The C++ indexer ("the clang indexer") is a wrapper over clang. The clang indexer is a drop in replacement for the C++ compiler that emits Glean facts instead of code. The wrapper is linked against libclang and libllvm.

Glean supports simple cmake builds out of the box. For other build systems you'll need to run clang-index manually on compilation targets. The indexer has been designed to scale up to very large repos, indexing compilation units in parallel across multiple machines, however support for parallel indexing isn't in the open source release. The indexer performance on C++ code is similar to running the clang frontend.

To build the indexer, you will need clang, libclang, llvm. See the github CI workflow for the specific dependencies we test with.
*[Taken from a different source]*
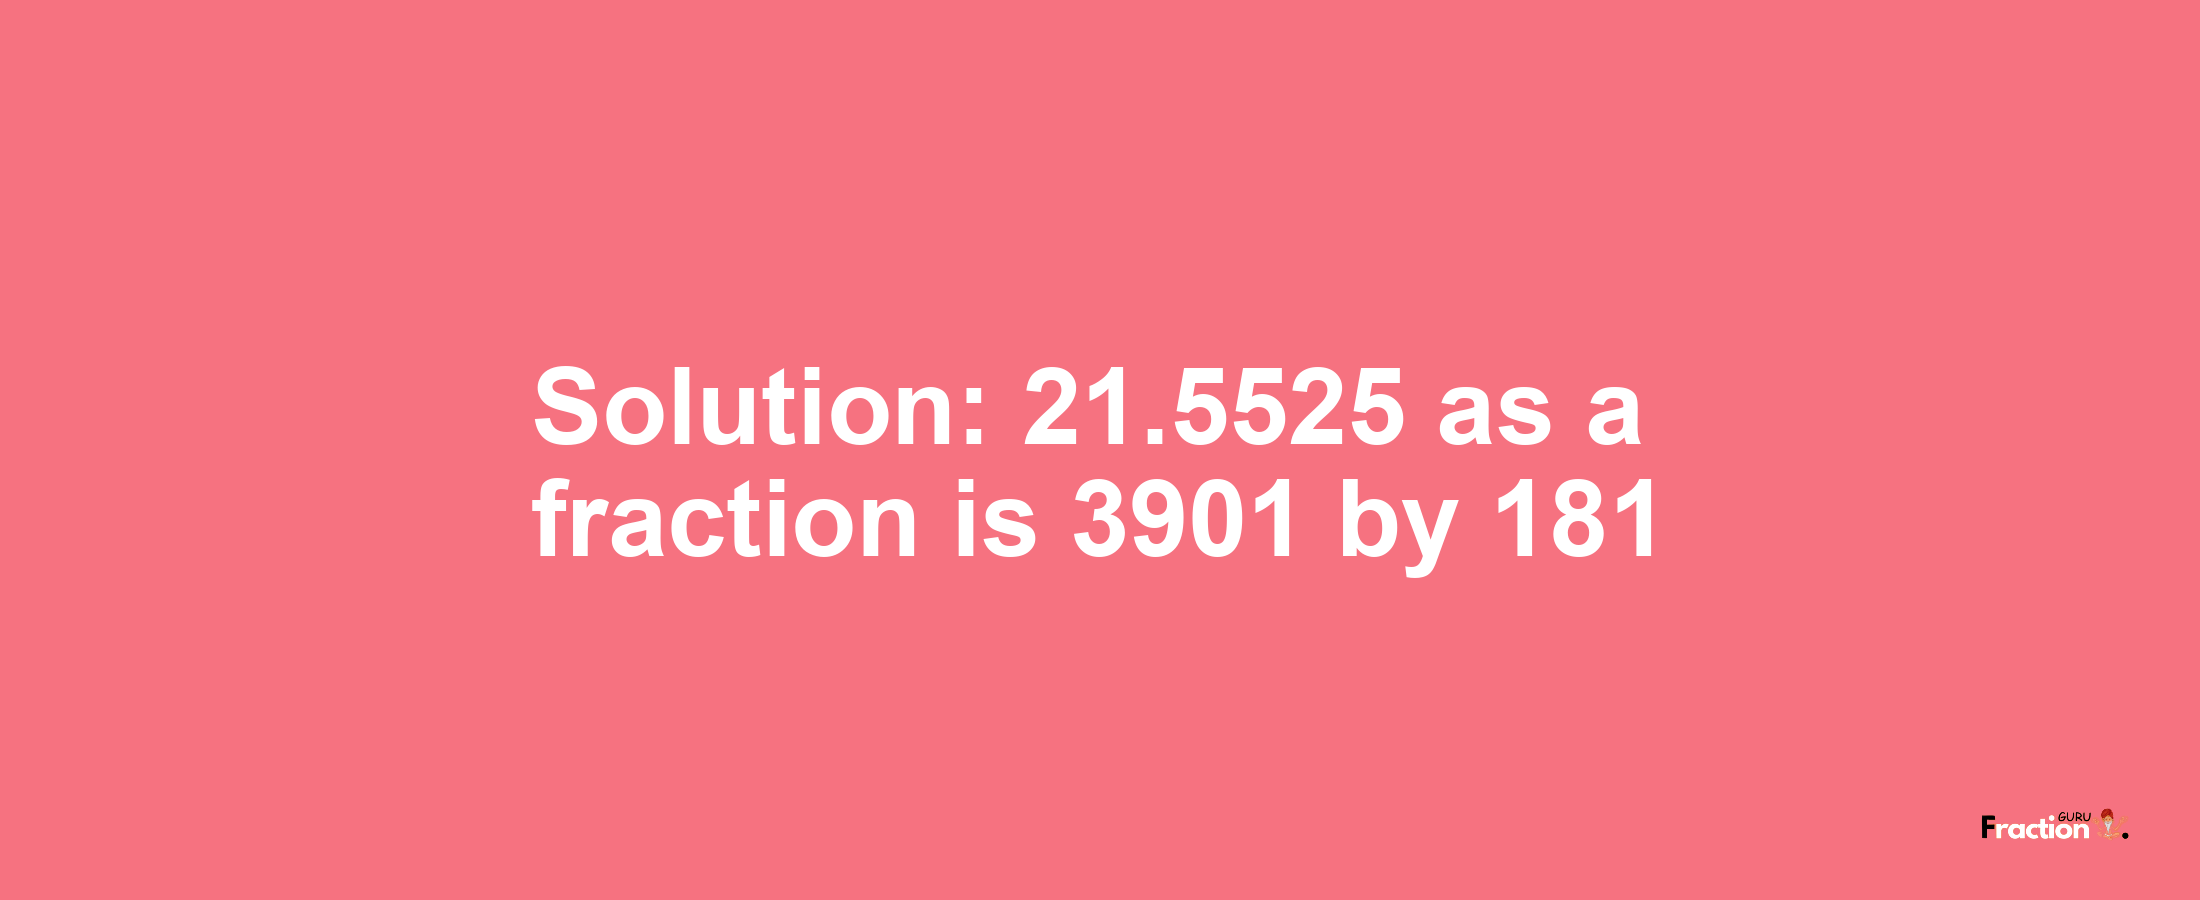 Solution:21.5525 as a fraction is 3901/181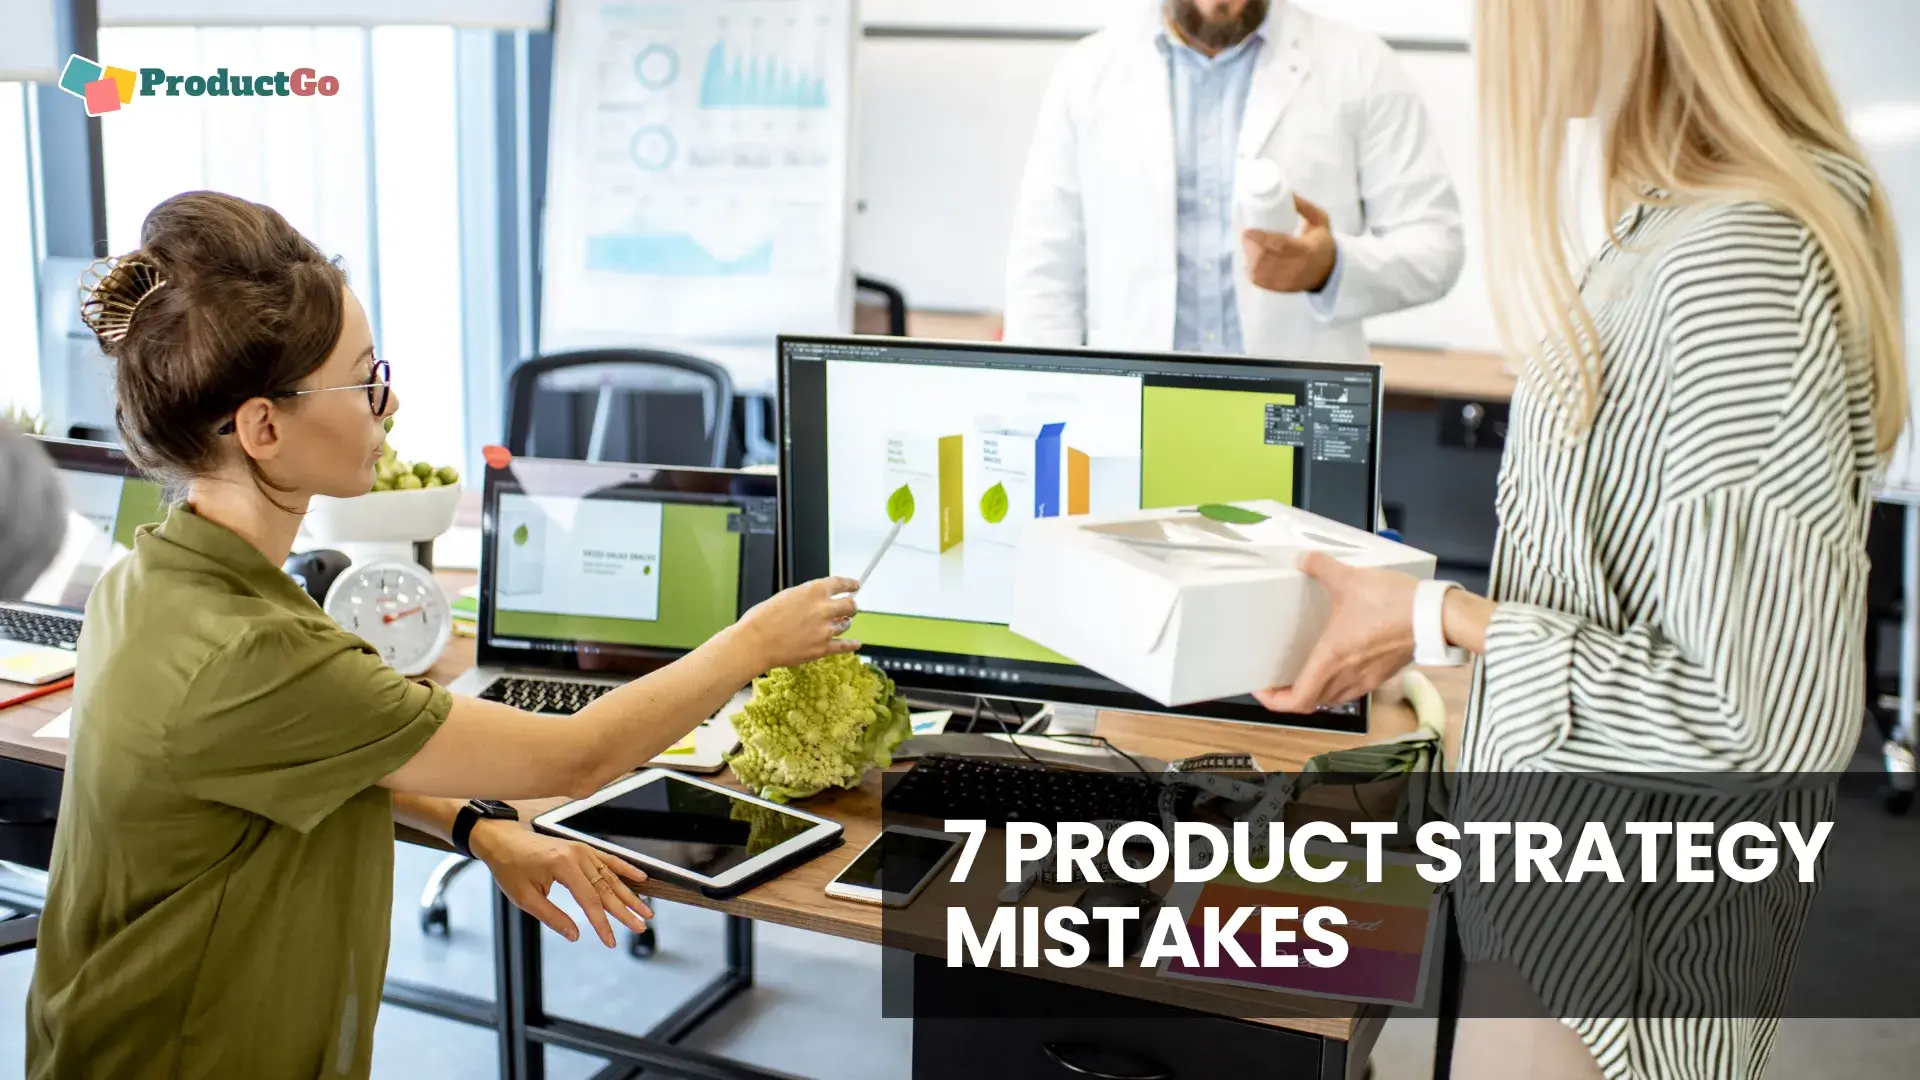 productgo blog - product strategy mistakes

We tend to test on one or two specific versions of clang and llvm (currently clang 11 and 12), but other versions may work.

The indexer consists of two parts:

  • clang-index

which compiles the C++ source and emits binary thrift data to write to Glean.

  • clang-derive

which computes derived facts on the result (e.g. find-references tables).

To build the indexer:​

The Clang indexer is currently not on Hackage, so you have to build from the repository.

make glean-clang

Run the indexer​

Ensure that you have built and installed Glean and the glean executable is on your PATH.

glean index cpp-cmake DIR --indexer clang-index --deriver clang-derive --db-root DB --db NAME/INSTANCE

where

  • DB is the directory you want to store your Glean DBs
  • DIR is the root directory containing the CMake manifest.
  • and indexer and deriver are the paths to the clang-index and clang-derive binaries

In the shell​

C++ source in cmake projects can also be indexed directly from the Glean shell:

:index cpp-cmake DIR

Note that clang-index and clang-derive should be built and accessible in the PATH variable for this to succeed, or in the build tree.

Schema​

The schema is in glean/schema/source/cxx.angle

The schema is quite rich and captures C++, C, Objective-C and C pre-processor symbols, the semantic structure of C++ symbols, and is precise enough to do automated analysis of C++ code.